Like cottage cheese, Greek yogurt is easy, versatile, and packed with protein. A 7-ounce container of low-fat Greek yogurt contains roughly 20 grams of high-quality protein. Be sure to choose a Greek yogurt that does not contain a high number of added sugars. A good rule of thumb is to look for items that contain 5 grams or less of added sugar per serving.

Canned Tuna

If you prefer to work out later in the day, a post-workout of eggs or yogurt may not hit the spot. Canned tuna is a great protein source you can easily incorporate into a variety of meal and snack options. It is inexpensive and loaded with other valuable nutrients, such as healthy fats.

Protein Shakes

Protein Shakes

If you just need something quick and easy, a traditional protein shake will do the trick. Be sure to choose a product that contains high-quality protein, such as whey or pea protein. Avoid products that contain added sugars and artificial ingredients. Also, be sure to pay attention to the calorie information on the label if you plan to use this as a meal replacement or just a snack.

If you’re just looking for something fast and refreshing, skip the sugar-laden sports drinks and grab a whey protein isolate shake, such as Naked Nutrition’s Clear Naked Whey.

This product contains 15 grams of protein per serving, 0 grams of sugar, and only 70 calories. Unlike traditional post-workout shakes that can feel heavy and don’t quite quench your thirst, Clear Naked Whey is delightfully light. Best of all? You can throw it in your shaker cup and take it on the go with ease.

Should I Combine Carbs Or Fat With Post-Workout Protein?

Pairing your post-workout protein with carbohydrates can help boost recovery. Exercise depletes glycogen stores and consuming carbohydrates shortly after a workout can help to replenish what was lost. Be sure to choose carbs that are easy to digest.
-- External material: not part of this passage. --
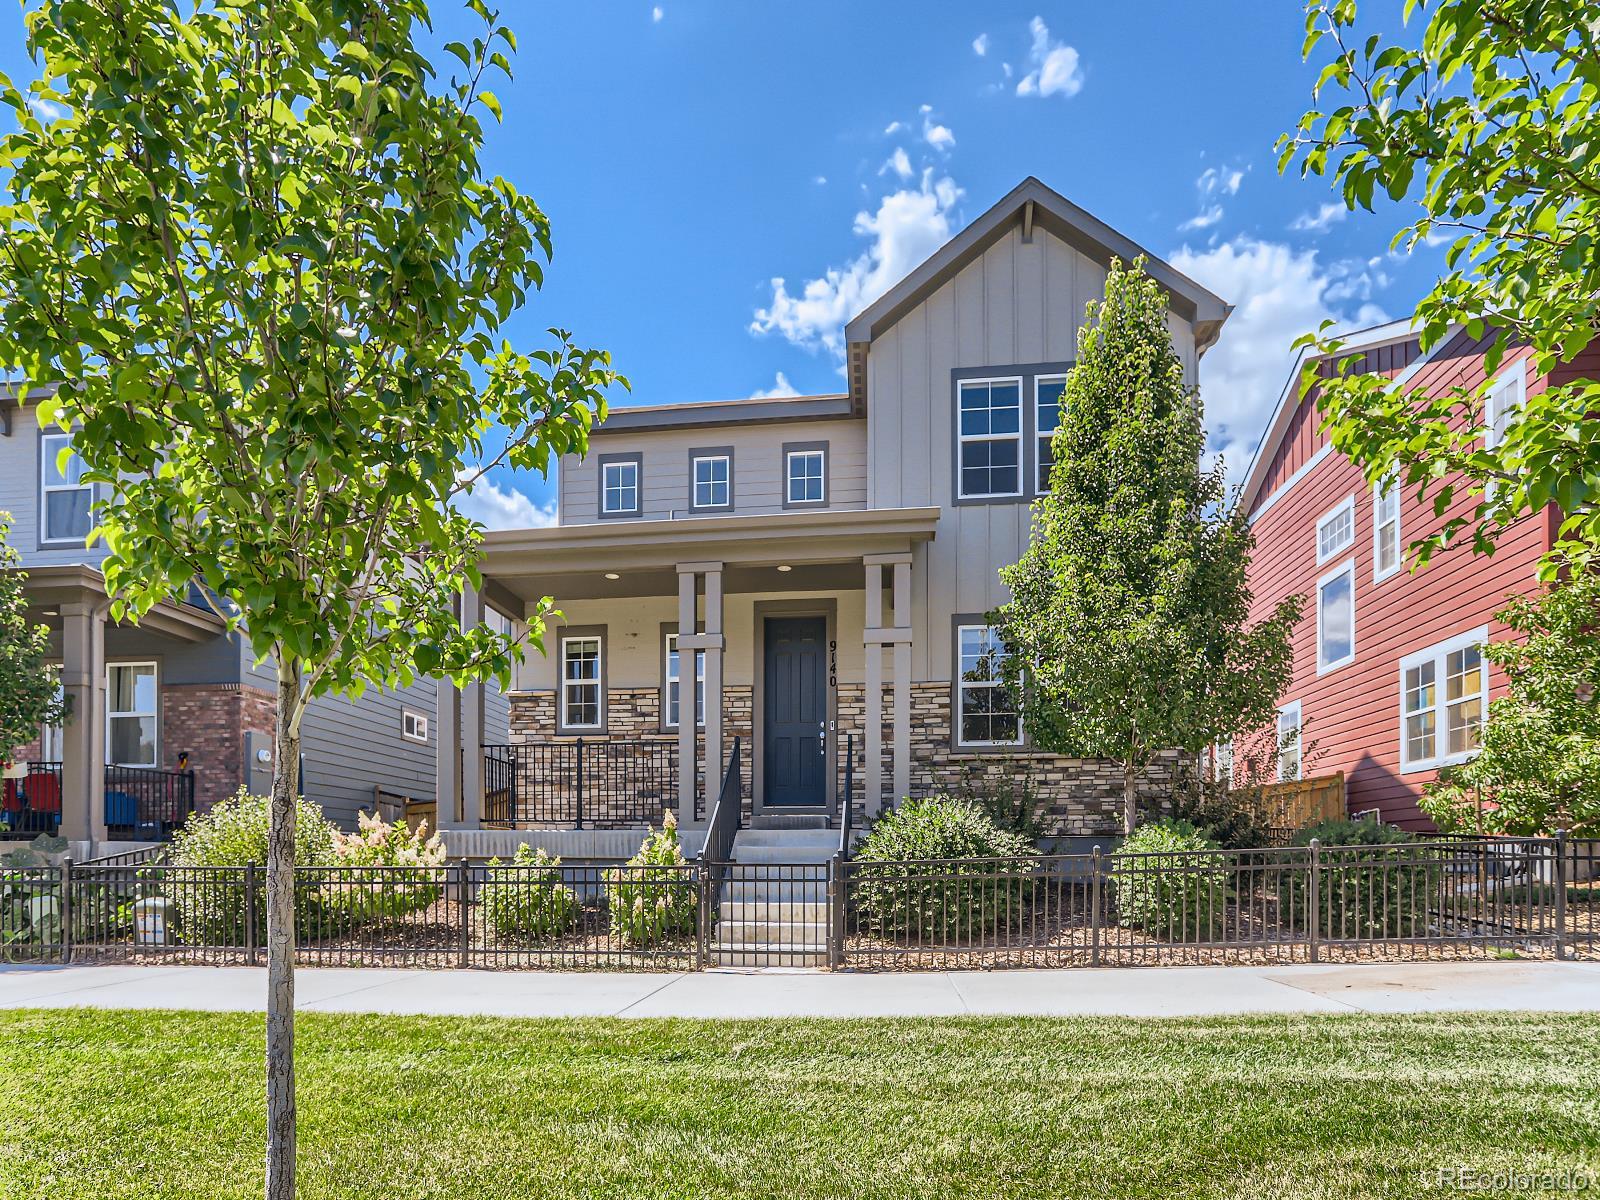 Report Image for 9140 W 100th Way,Westminster, Colorado

For example, simple carbohydrates such as sweet potato, rice, or oatmeal are great options to pair with your protein. Combining protein with carbohydrates is especially important in those who exercise frequently while those who exercise occasionally may not find as much benefit [9, 10].

Fat does not provide any post-workout recovery benefits to aid in muscle growth however, it does not need to be avoided either. Studies have found consuming fat with your post-workout meal slows digestion, but it does not inhibit protein or glycogen synthesis. Easily digestible fats include avocado, nuts, and seeds [11, 12].

Final Thoughts

Protein is essential in post-workout recovery and muscle growth. Those who exercise frequently should be increasing their protein intake and combining their post-workout meal with easily digestible carbohydrates to replenish protein and glycogen stores.